By: Laura Witherspoon
I chose to tour Ninkasi Brewery in Eugene’s Whiteaker district as the subject for my video project for J333. The tour taught me about the process of brewing and specifically how technical it is. After the tour, I went home, reviewed my footage, and to my dismay it was too fast and loud to be made into a video. I scrapped that project but still kept the footage just in case I could recycle it into something new.
That’s exactly what I did with these .gifs. Below are three .gifs that express the main processes of brewing.
Ninkasi Brewing Company is one of the fastest growing craft breweries in the country. In 2011, Ninkasi ranked the 32nd largest craft brewery in the country. The have no plans of slowing down and are currently working on an expansion that will increase their production. This first picture of this .gif displays the front entrance to the brewery. Following is a picture of Anders, one of the brewers, working on the wort process. The wort process is when malt is mashed and mixed with hot water to convert the starch in malt into sugars. The next pictures shown are of the hop pellets which hold in the hop oils and other essential components in pellet form.
The second .gif consists of images of the fermenting tanks. This is the part of the brewing process where alcohol is made and you can finally call it beer! The yeast is converting the sugars from the wort into alcohol and CO2. This is also the part of the brewing process where you can no longer allow oxygen in the tank because it will spoil the beer. The container with overflowing foam is removing extra gasses and other impurities from the hops.
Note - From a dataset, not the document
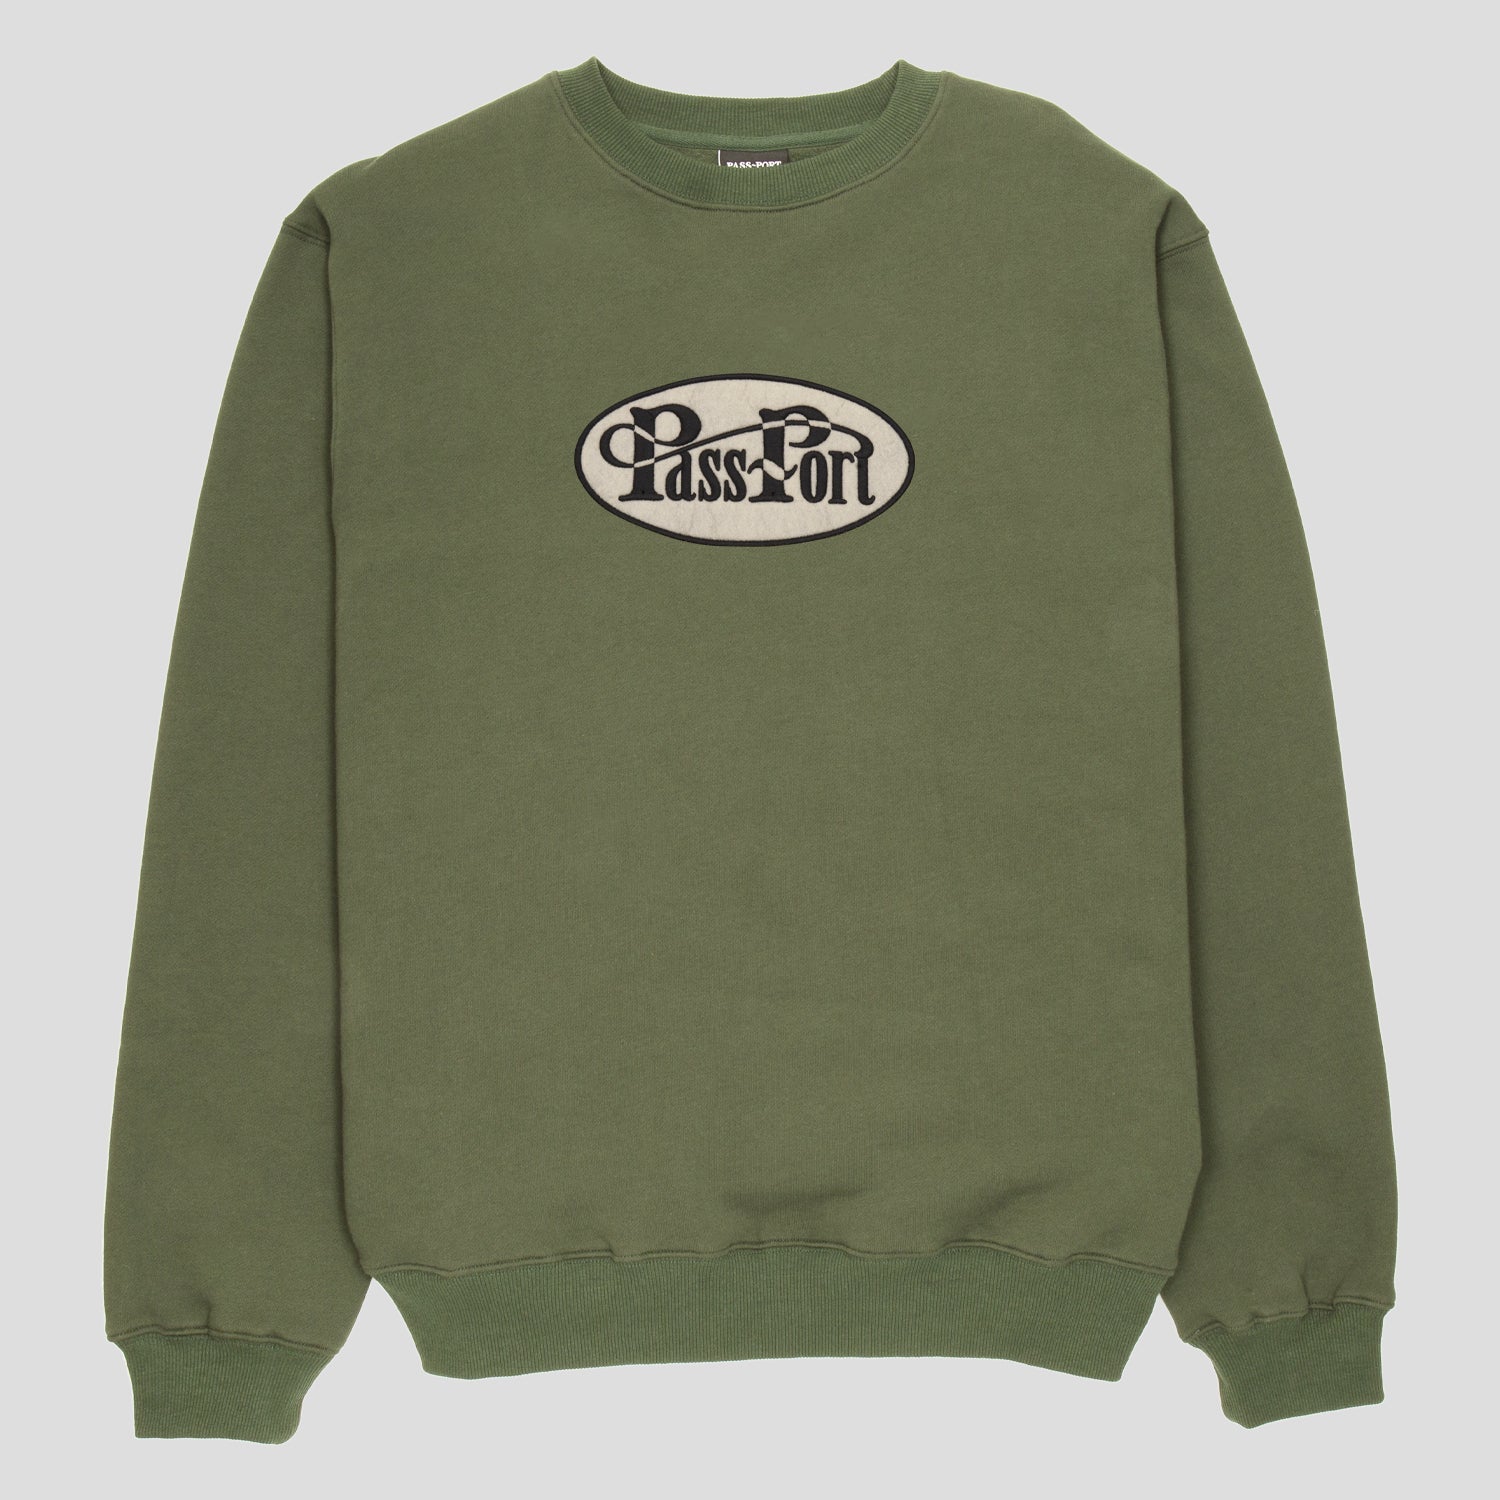 Pass~Port Whip Logo Sweater - Military Green

This last .gif shows the bottling assembly process. I was lucky to be given a tour when the entire brewing process was conducted from brewing to bottling. Bottles start by getting pushed through and rinsed off in order to kill any left over bacterial from the bottle. Next, the fillers fill 250 12 oz. bottles a minute. After the bottles are shuffled through single file to receive their labels. Before they are dropped into cases, there is a worker checking to make sure every label is on right.